Duck Feet, Gochujang, and a Pint of Häagen-Dazs

IN A TIME WHEN traditional supermarkets are on the wane, massive so-called ethnic stores like the Asian-focused H Mart and the eclectic Food Bazaar are on a tear, opening new branches around the city and the country (often in the vacant shells of defunct grocery stores). These aren’t the small specialty shops to which cooks would make a crosstown pilgrimage for a handful of kaffir-lime leaves to complete a curry recipe, but one-stop shops that locals depend on to fulfill every need, from paper towels to bamboo steamers to breakfast cereal and even pajama bottoms. They’re largely clustered in outer-borough immigrant enclaves, where space is more abundant, rents are cheaper, and families can park and load up cars, and they signal neighborhood demographic shifts as much as the changing dietary preferences of today’s New Yorkers.
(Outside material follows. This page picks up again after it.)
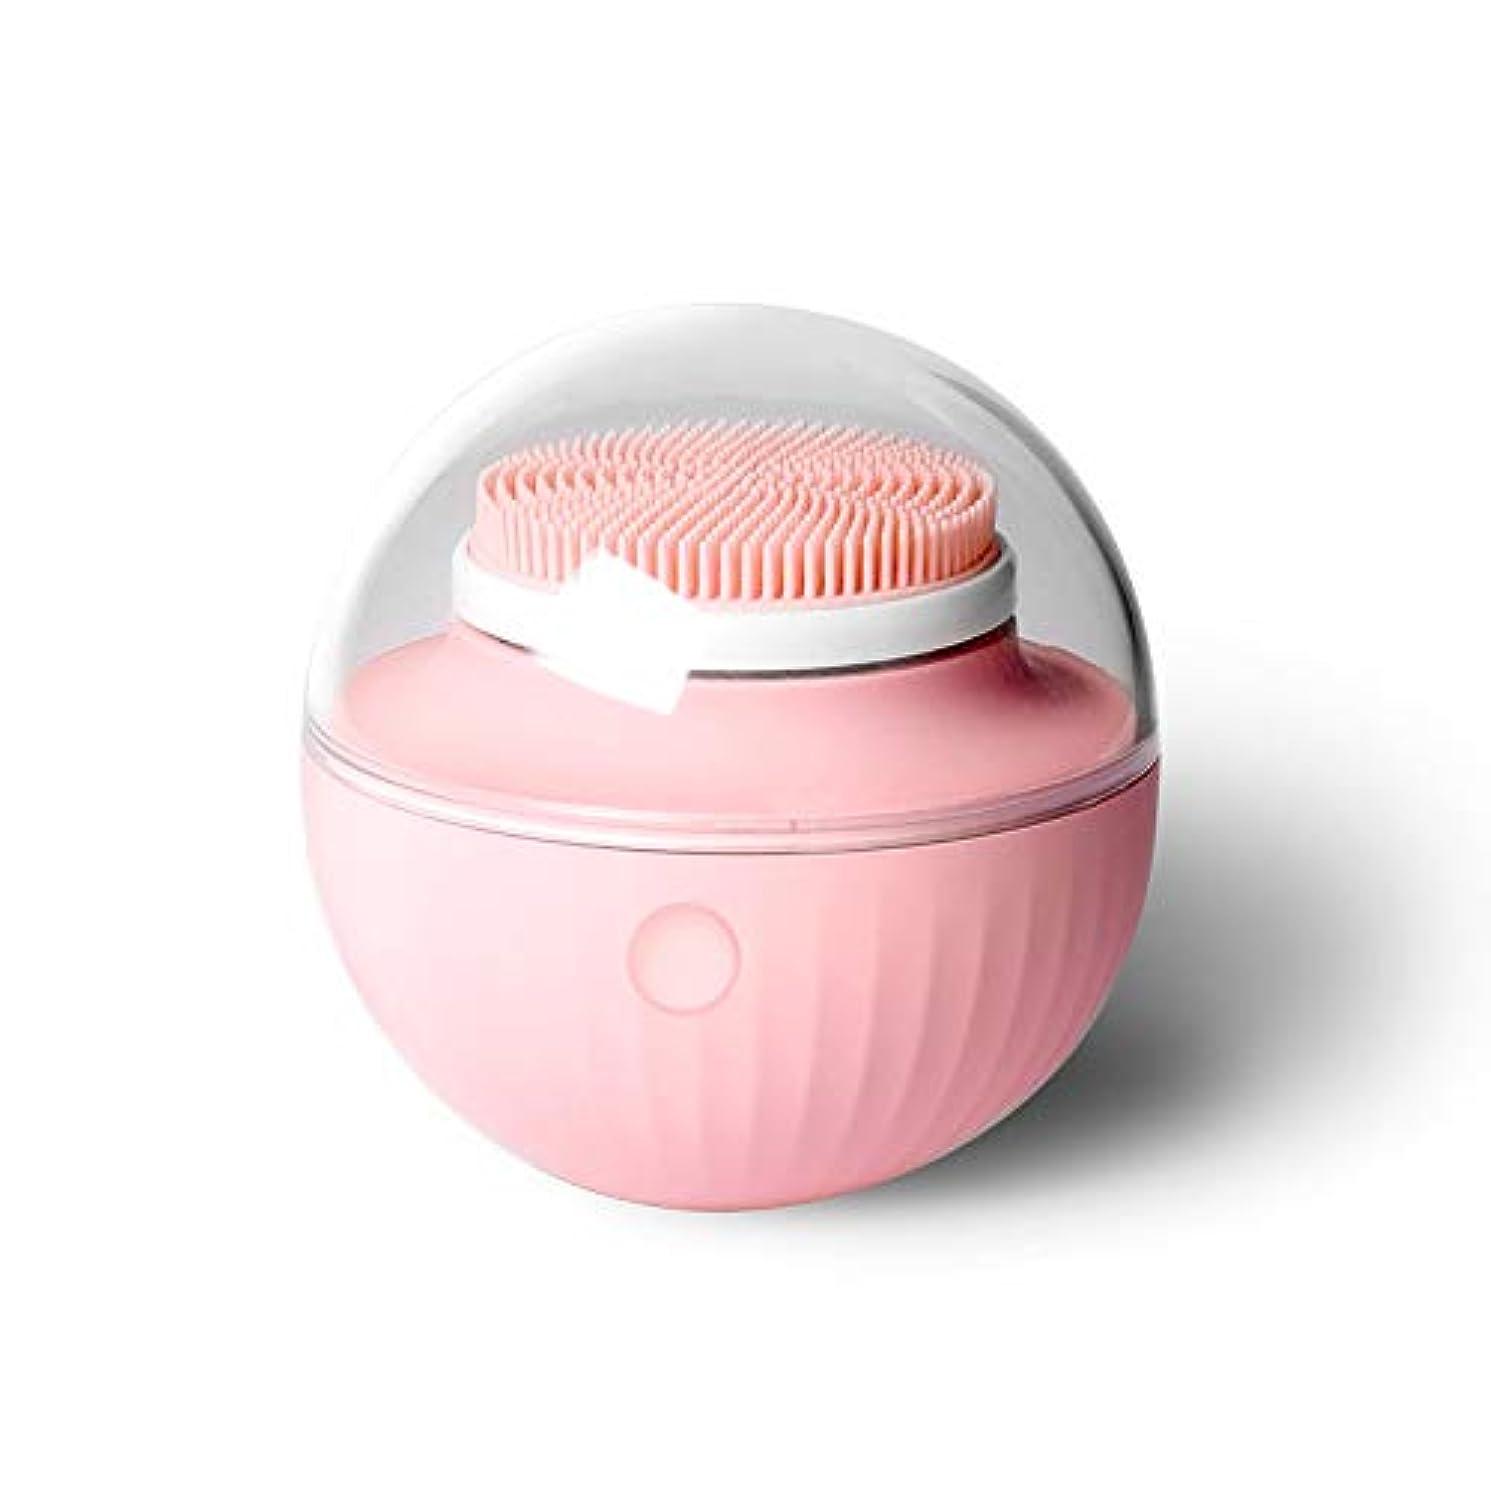 首尾一貫した楽しませるパテパフ洗浄器具ポータブル充電超音波USBシリコン電動洗顔器ディープクレンジング顔 (ピンク)

What they have in common is a pragmatic desire to appeal to not only immigrants but everyone by stocking their shelves with an all-inclusive mix of imports and familiar domestic products. Still, each of these mega-marts has its particular strengths. Here, we take a close look at some of the shelves that best represent them.
FOOD BAZAAR
Kroger Meets Kalustyan’s

LOCATION VISITED: 42-02 Northern Blvd., Long Island City
ORIGIN STORY: Founded in 1988 as Bogopa (Korean for “yearning for you,” and now the parent-company name) by Francis An, a Korean-born immigrant who arrived in New York via Argentina. When he couldn’t find the Latino and Korean ingredients he needed, he opened his first store, in Corona.